Past actions count

The Supreme Court recently overturned a Federal Court of Appeals decision that said past disciplinary actions under review should not be considered when a case is appealed.

The unanimous ruling means that the Merit Systems Protection Board may look at past disciplinary actions still under appeal when reviewing terminations and other disciplinary infractions involving feds. At issue was the weight that can be given to any prior disciplinary history.

The case in point involved Maria Gregory, a letter technician in Hinesville, Ga., who was fired by the U.S. Postal Service. Gregory appealed her termination to the MSPB, which said the termination was justified because she had a prior disciplinary record.

The Federal Court of Appeals ruled that the board was unable to consider prior unresolved disciplinary action against Gregory when making its decision, but the Supreme Court disagreed, saying the MSPB should be allowed broad discretion in determining how to review past disciplinary actions.

Before Gregory was fired, she received three disciplinary actions for insubordination. Two were still being appealed. Her first pending disciplinary action — the basis for the other two — was subsequently dropped when an arbitrator ruled in her favor. In my opinion, the three disciplinary actions involved minor issues, none of them serious.

In the first instance, Gregory was given a letter of warning for leaving work early to take her 13-year-old daughter to a doctor. An arbitrator later determined that she was justified in believing that she had permission to leave work for that purpose. Gregory filed three grievances under procedures set up between her union, the National Association of Letter Carriers, and the Postal Service.

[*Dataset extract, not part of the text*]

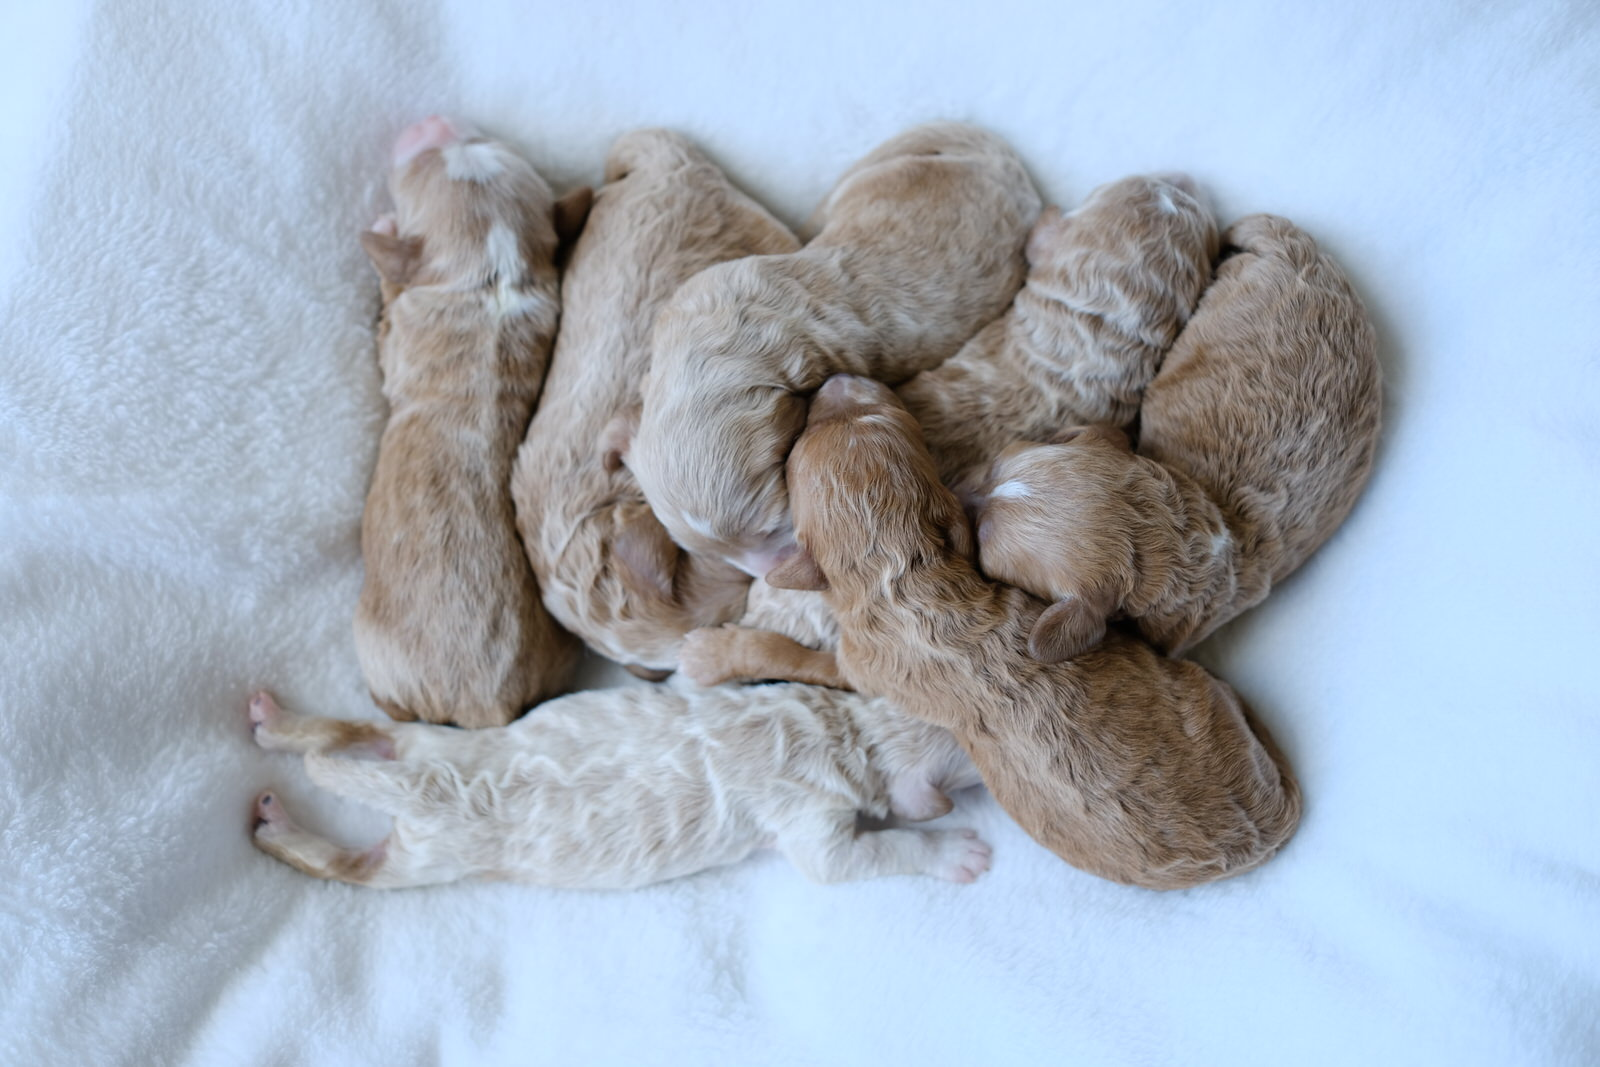 newborn cavapoochon puppies
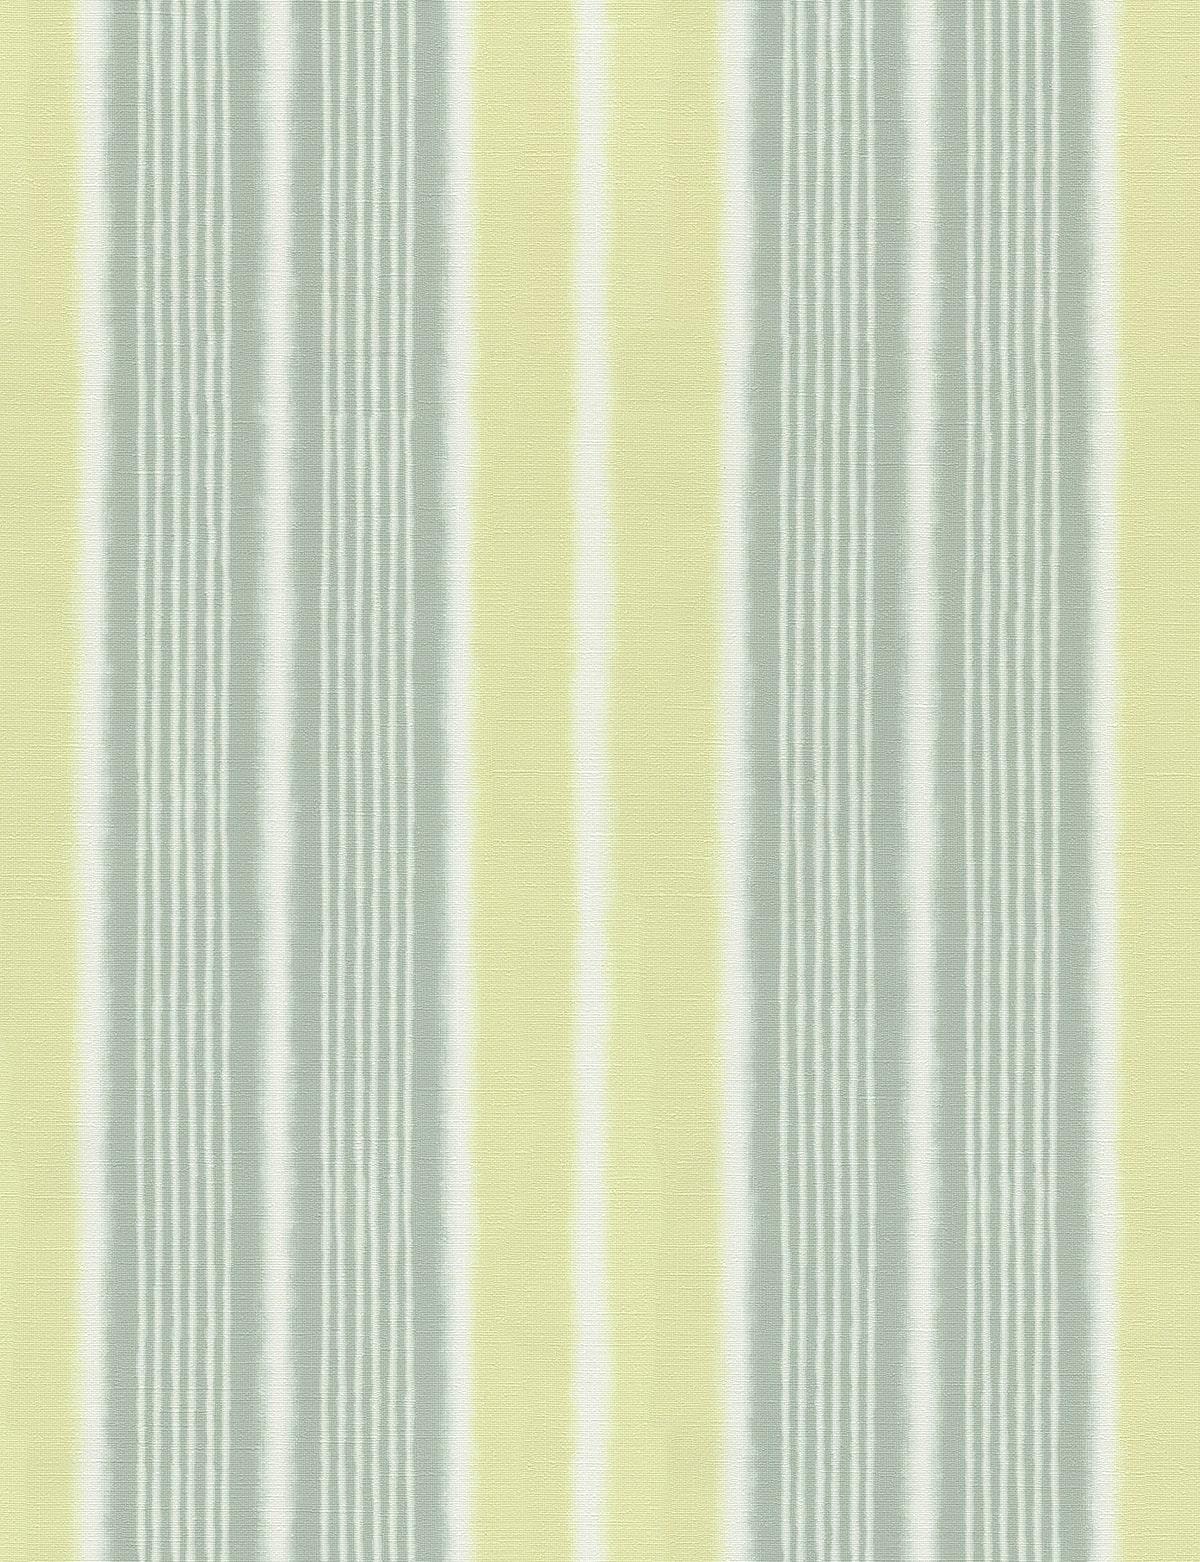 Digital Country - Collezione 2 - Unconventional Wallpaper

The record shows that the Postal Service had some prior run-ins with Gregory. In 1995, Gregory accused a co-worker of sexual harassment. She then filed a grievance with the Equal Employment Opportunity Commission alleging that her complaints were treated lightly.

Justice Department attorneys representing the Postal Service before the Supreme Court contended that a decision in favor of Gregory would "do serious harm to the civil service system." They said such a ruling would give feds an incentive to file grievances and prolong proceedings to prevent their history from being considered in future disciplinary actions. That may be true, but it was not OK to fire Gregory because of a minor infraction of the rules.

In light of the case's outcome, Gregory's attorneys can again contest the practices of the MSPB if they choose to. The board does not typically handle postal worker appeals, but because Gregory had served in the Army, she was allowed to appeal her firing through the board. Justice Ruth Bader Ginsburg said Gregory could have asked for arbitration and possibly might have fared better.

Despite the Supreme Court's ruling against her, she could still win back her postal job if the appeals court decides her dismissal was unjust.